Not exactly. The dealership is licensed in the state as an official agent of the automaker and is subhect to the states jurisdiction.
Can the CA legislature dictate than no car can be sold in the state of CA unless it came off an assembly line located in the state, and the corporate headquaters of the company building them is located in, and paying their state income taxes to the state of California?
Sure. But that doesn't mean that the auto makers will comply, and, as green as the left coast is - I doubt the people would be happy if no new cars could be sold in the state because of some silly act of thier legislature...
If California can do that with cars, or anything else, what will be the effect on interstate commerce if they do it, and then other states follow suit to protect their own industries and tax base?
Obviously this would be suboptimal (LOL). However, as it would be insane for almost any major manufacturer to have plants "everywhere" - it would likewise be insane for states to begin making such laws! 200 years ago perhaps, since most things NEEDED to be produced locally as the cost and risk of transport was too expensive.
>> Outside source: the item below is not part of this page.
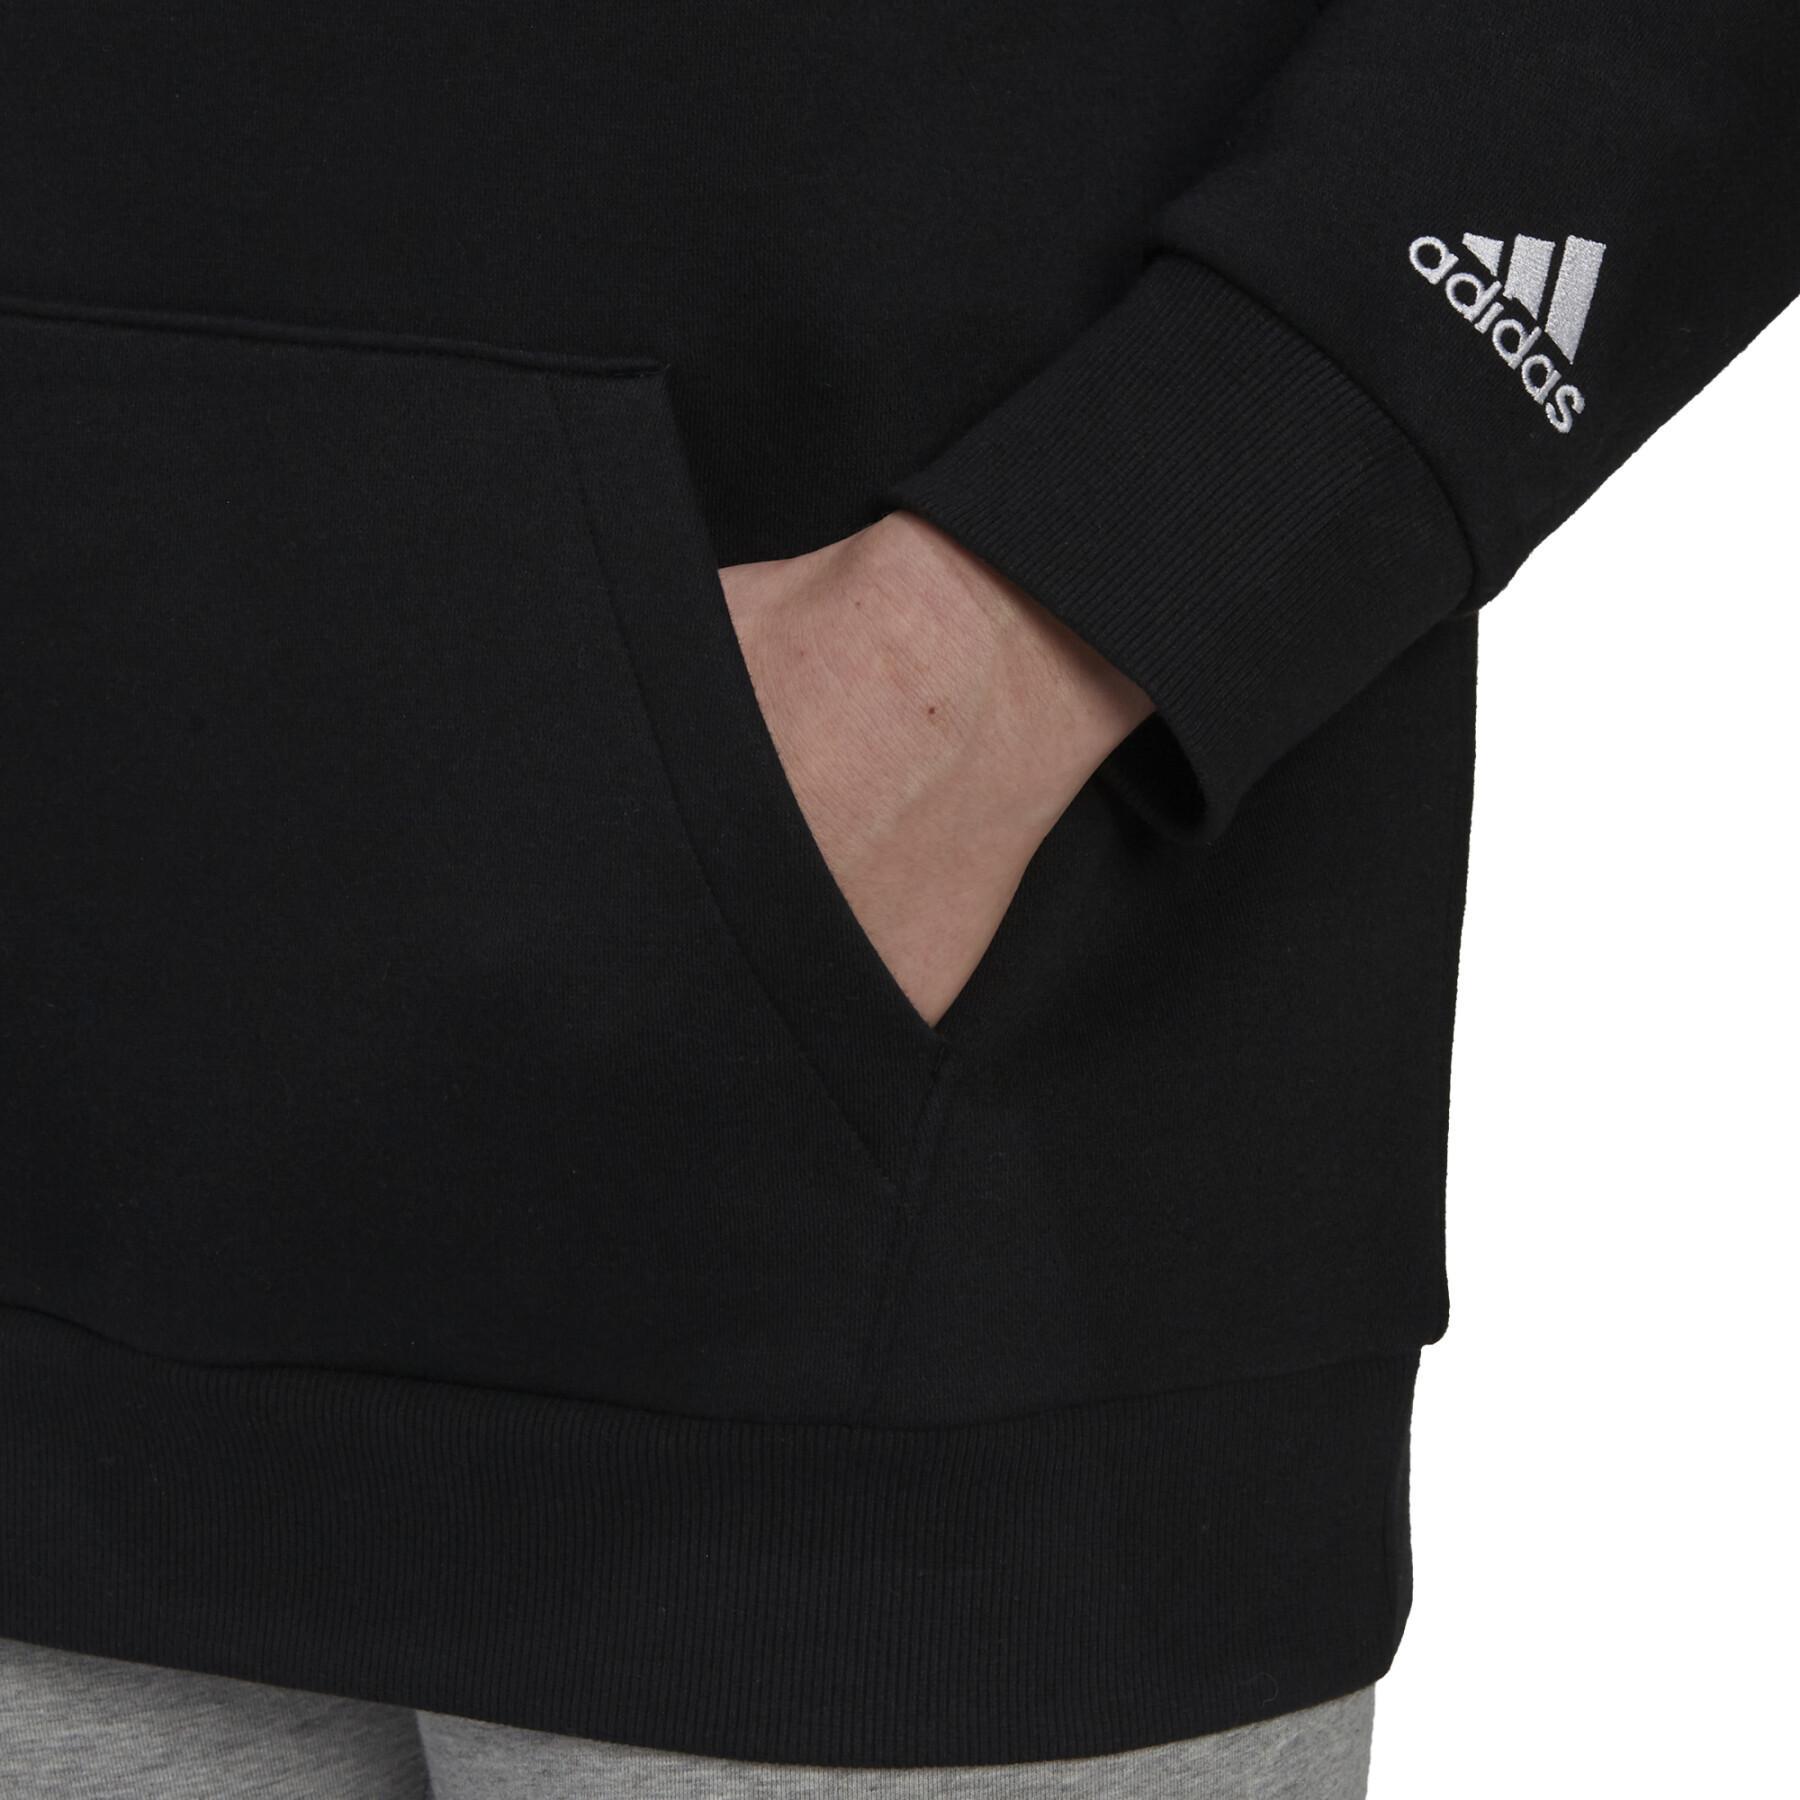 Women's oversized hoodie adidas Essentials Fleece

I contend that a broad definition of what the commerce clause to allow regulation of intrastate is the exact opposite of it's original intent as it gives the Federal Government the power to regulate - theoretically - all the way into you bedroom.
I agree the "substantial effects" doctrine needs to go, but I still contend that the original intent of the Commerce Clause would disallow a state imposing an embargo for the same reasons it would disallow imposing an import tax, duty, or tariff. The are all equally destructive to interstate commerce.